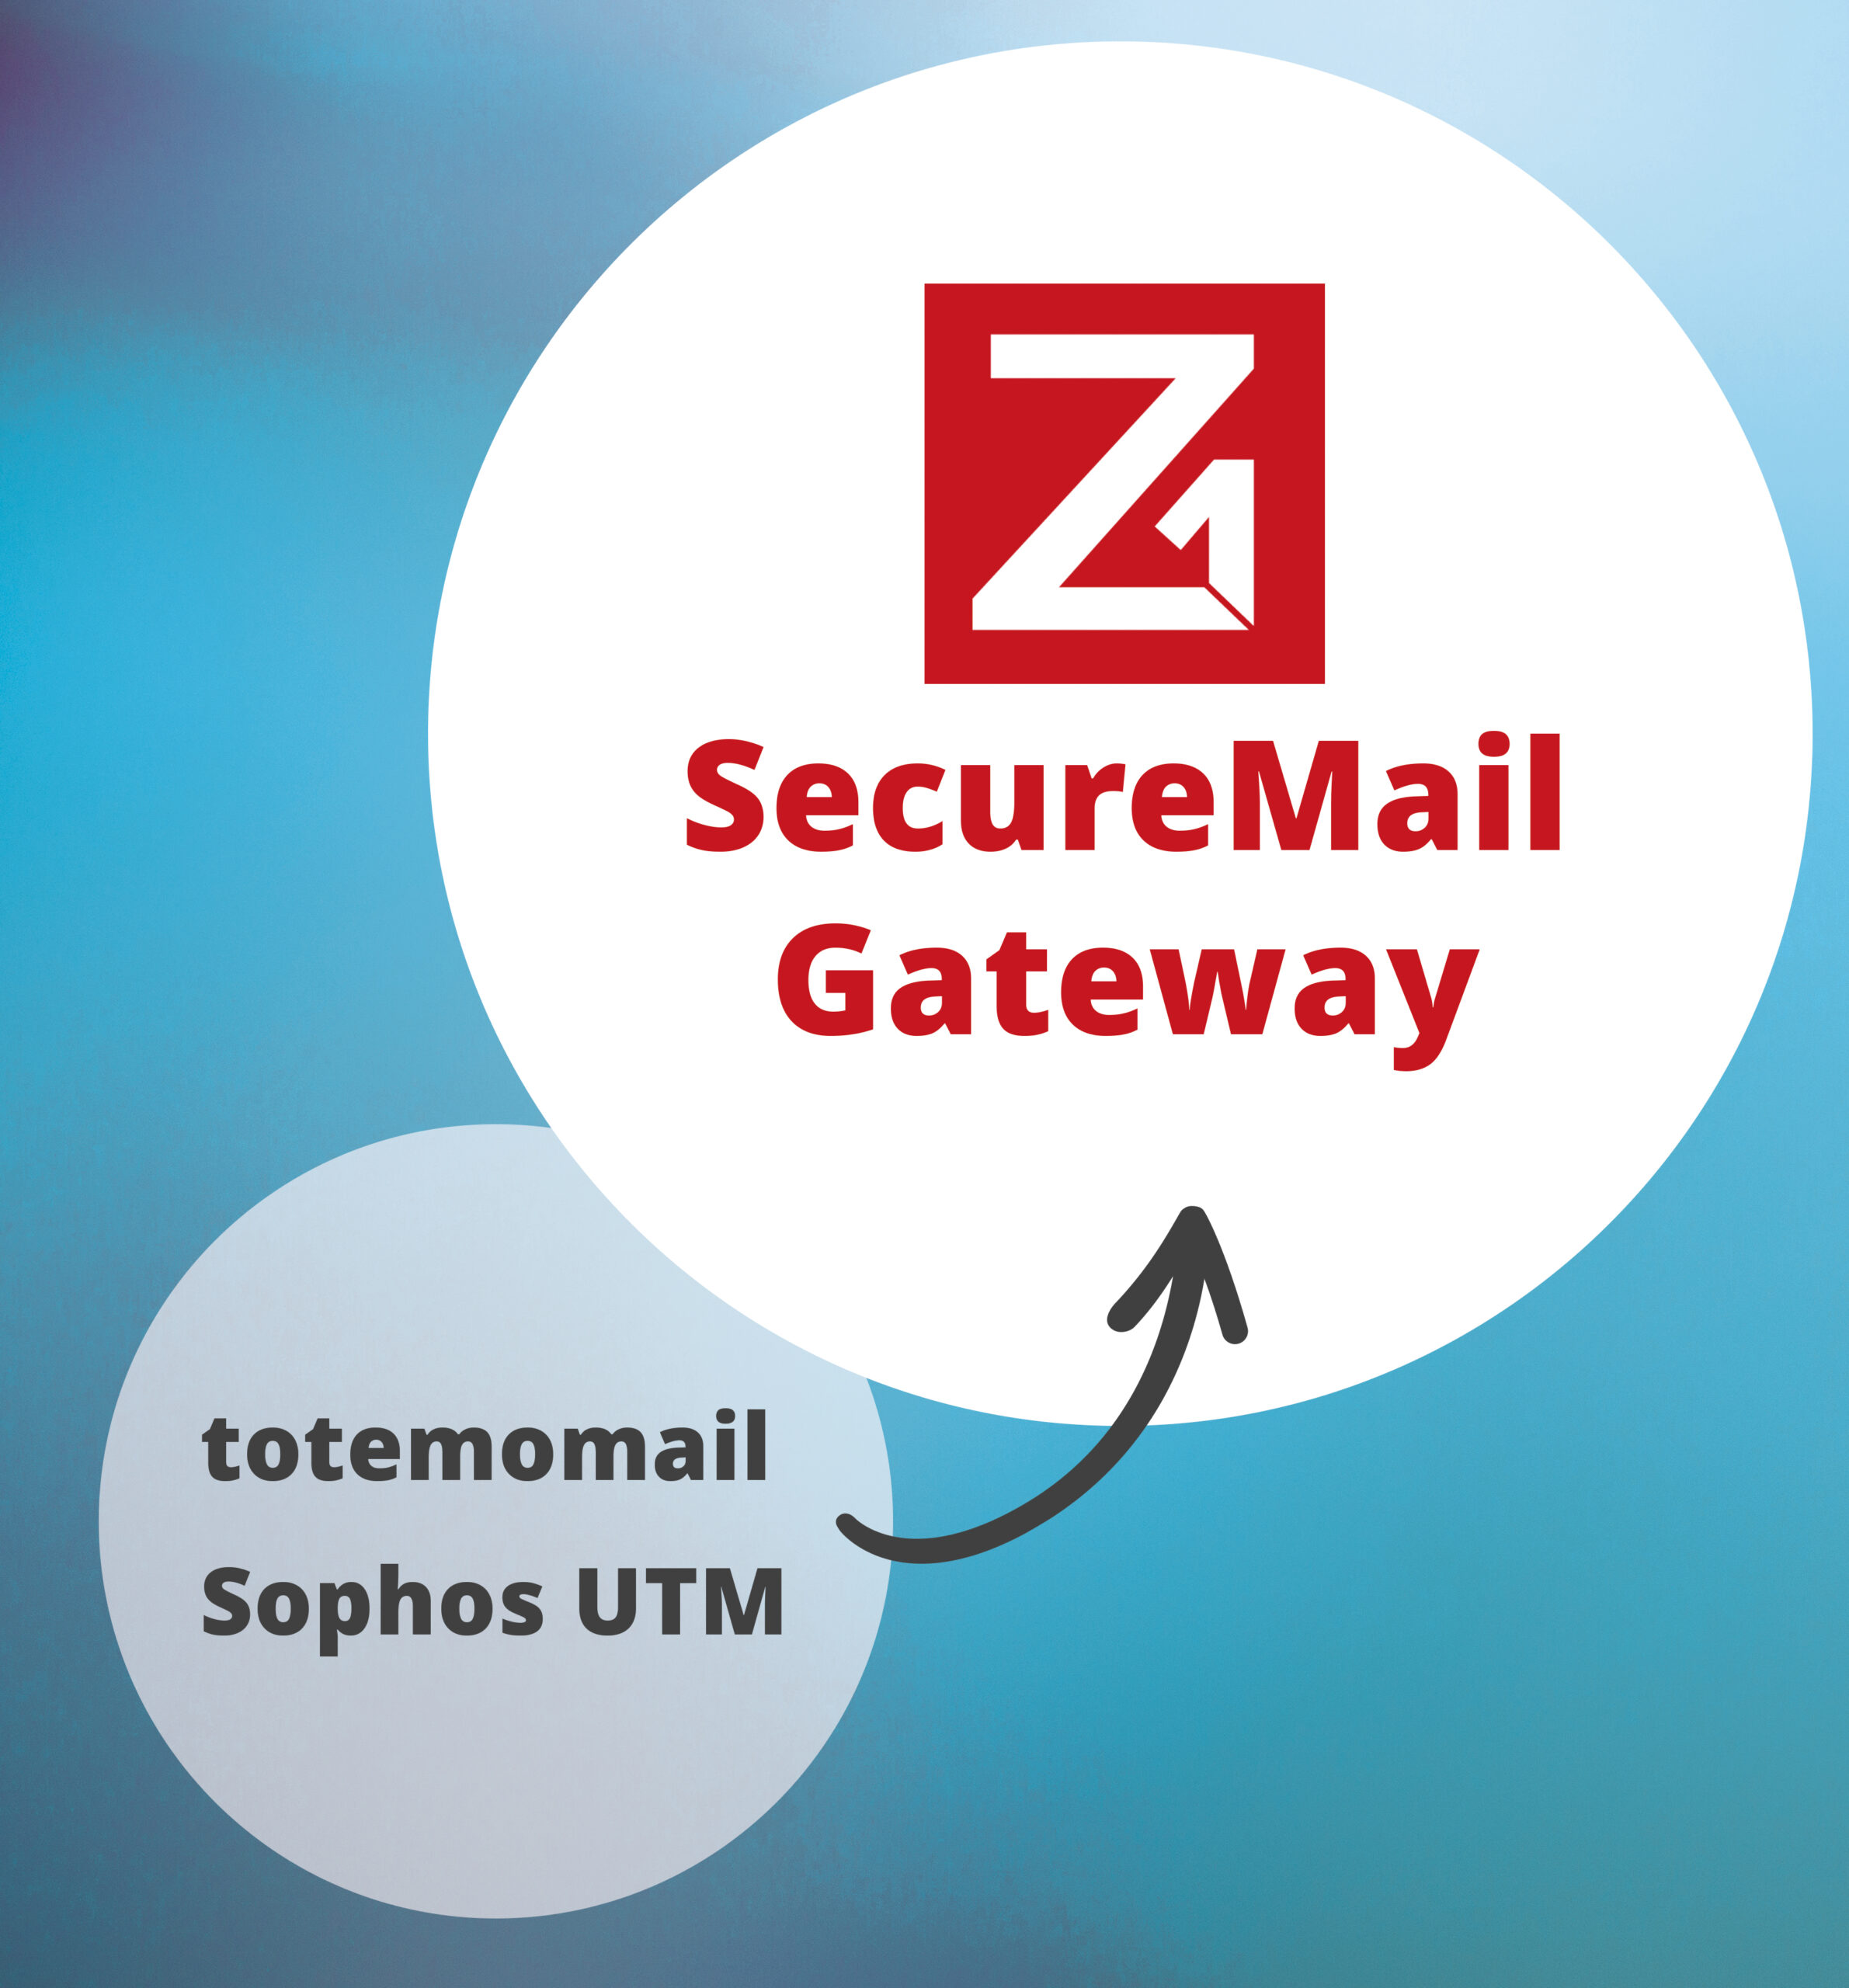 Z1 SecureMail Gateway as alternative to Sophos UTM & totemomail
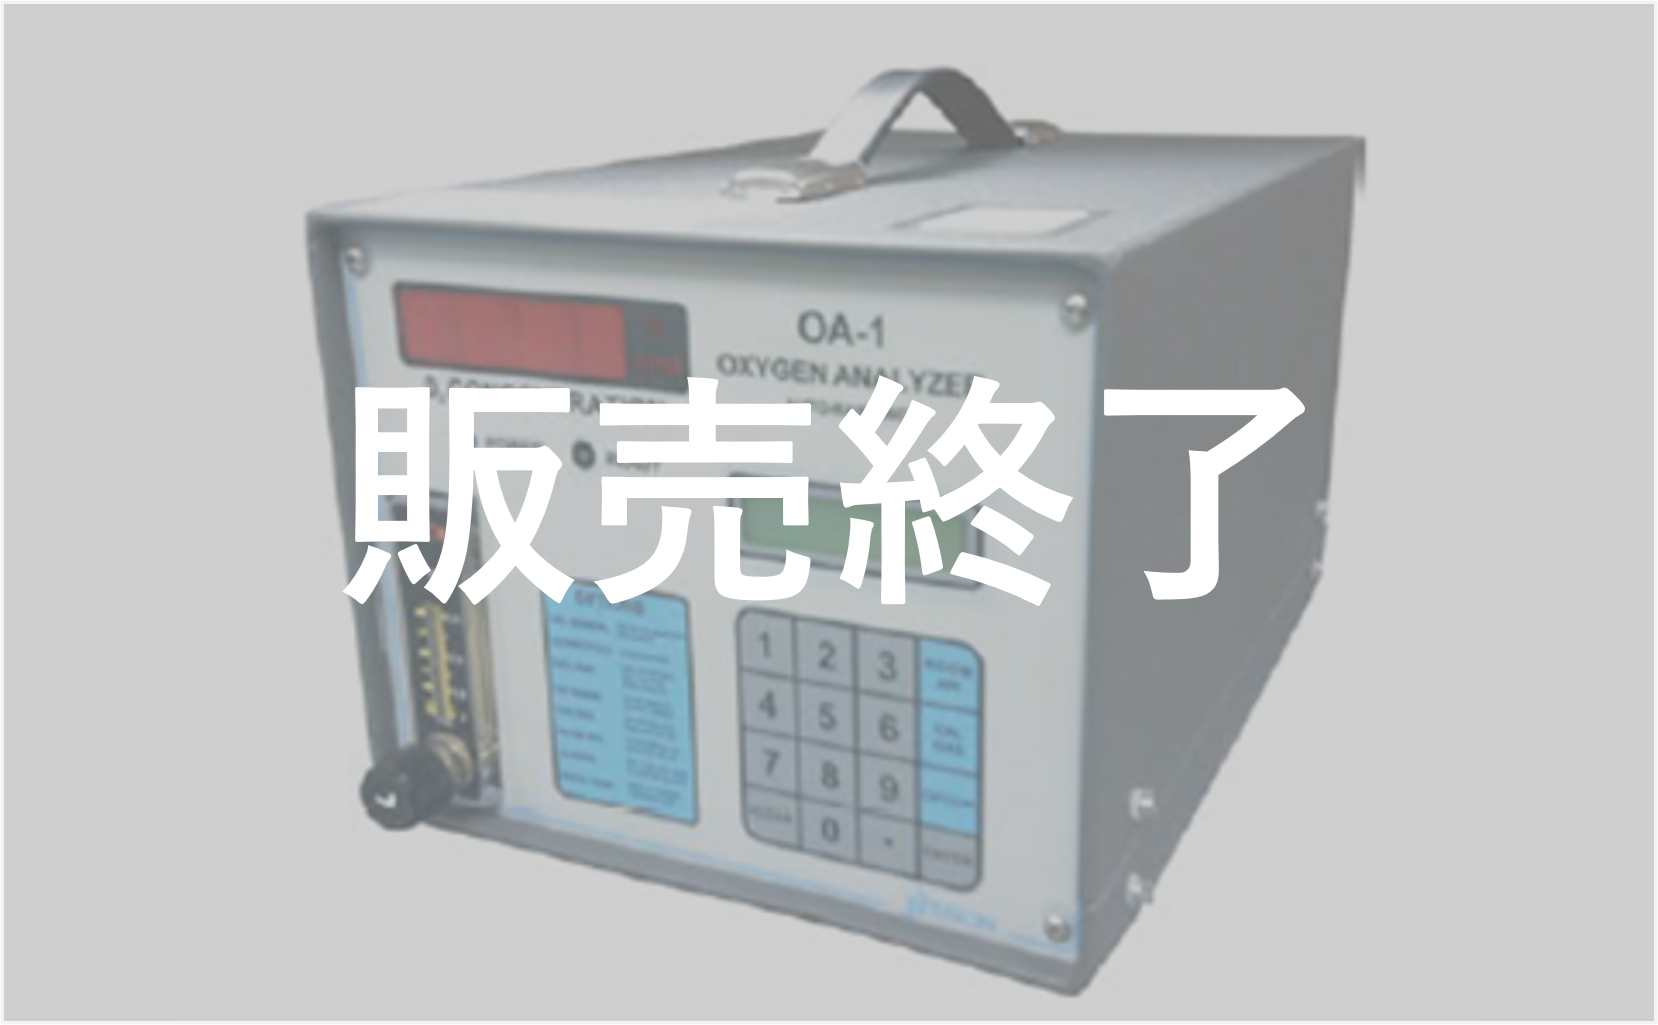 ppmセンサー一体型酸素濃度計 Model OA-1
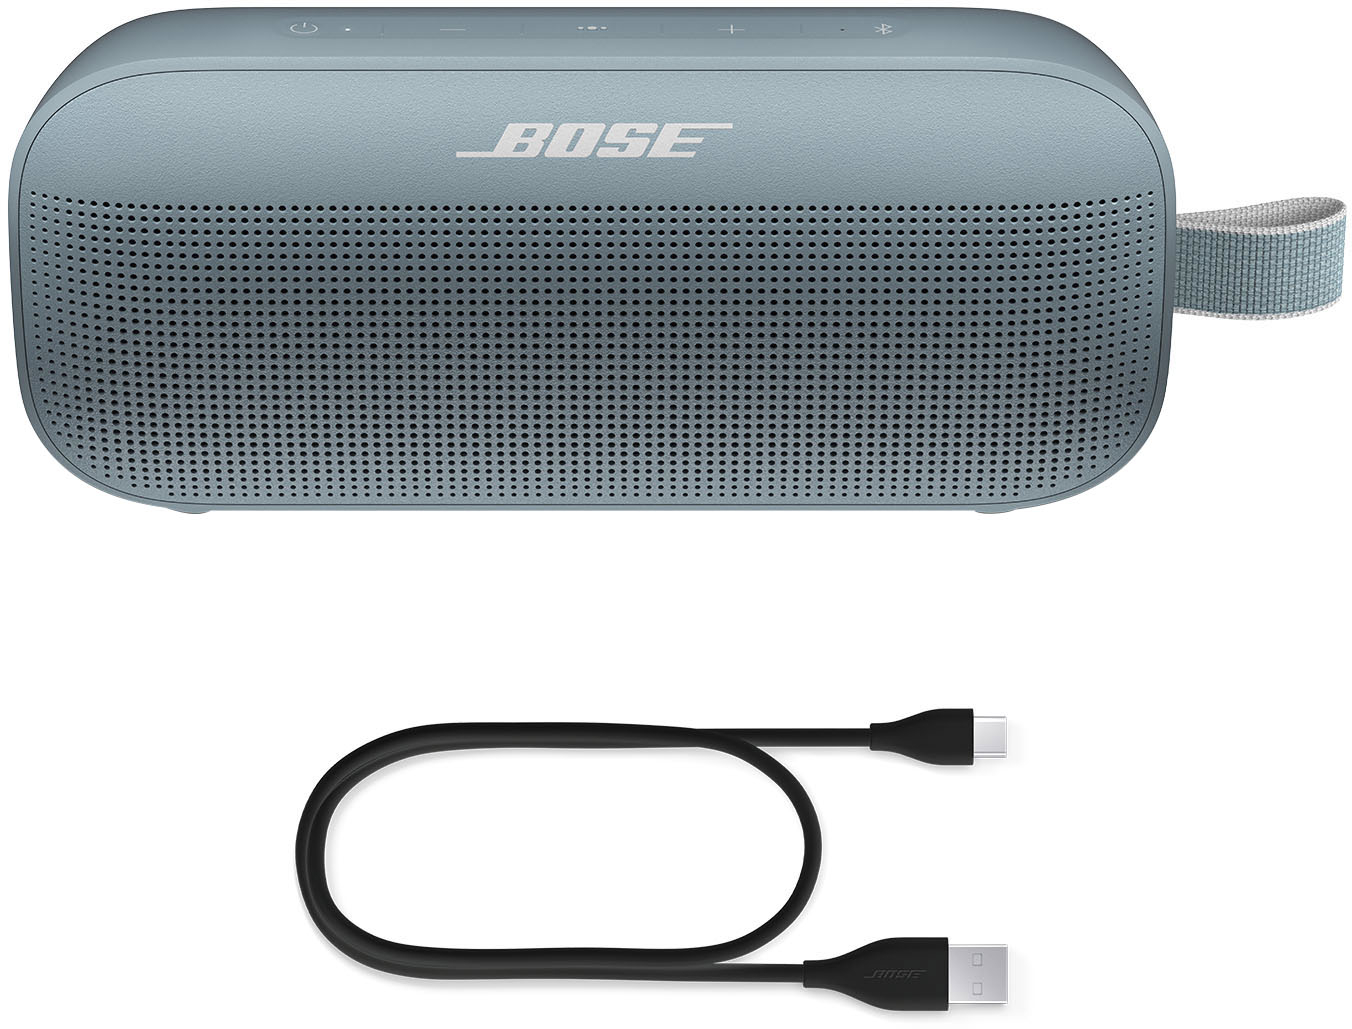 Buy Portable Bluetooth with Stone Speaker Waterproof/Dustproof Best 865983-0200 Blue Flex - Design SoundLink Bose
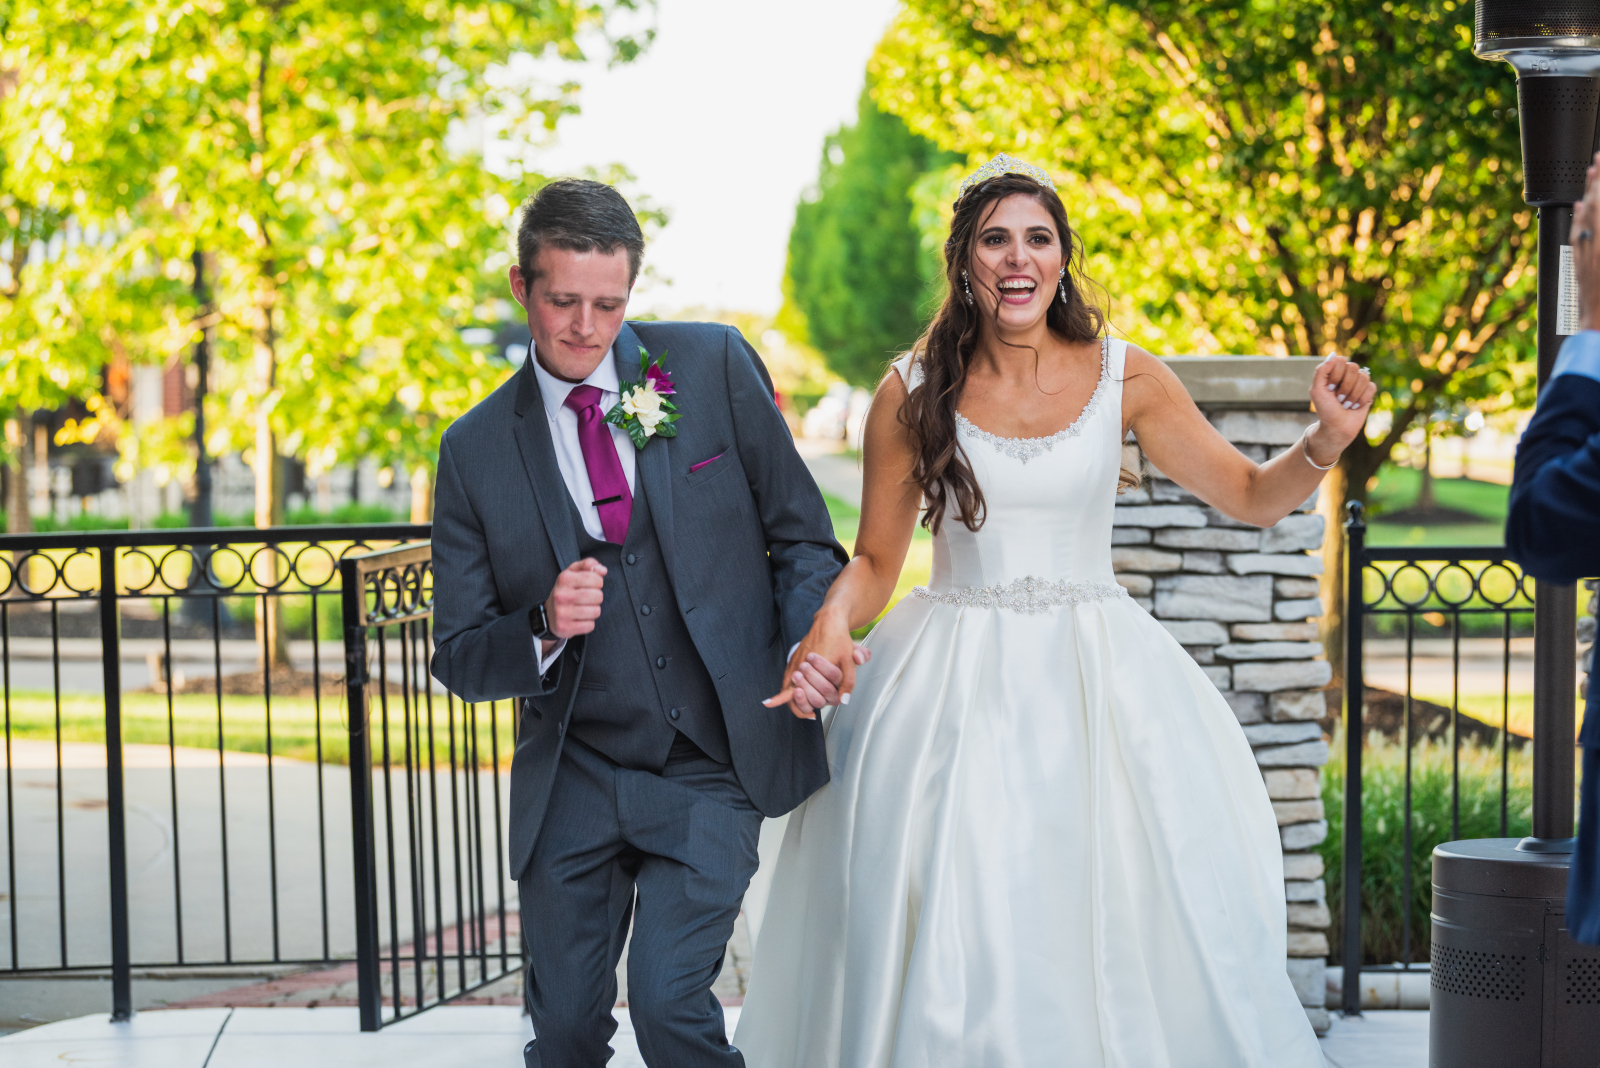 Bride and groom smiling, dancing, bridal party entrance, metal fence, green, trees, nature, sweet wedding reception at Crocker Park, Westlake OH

EXERCISE. What you hand back should match the listing exactly, except that no pictures appear.

WORKED SOLUTION.
 Z1 SecureMail Gateway as alternative to Sophos UTM & totemomail
 ppmセンサー一体型酸素濃度計 Model OA-1
 Buy Portable Bluetooth with Stone Speaker Waterproof/Dustproof Best 865983-0200 Blue Flex - Design SoundLink Bose
 Bride and groom smiling, dancing, bridal party entrance, metal fence, green, trees, nature, sweet wedding reception at Crocker Park, Westlake OH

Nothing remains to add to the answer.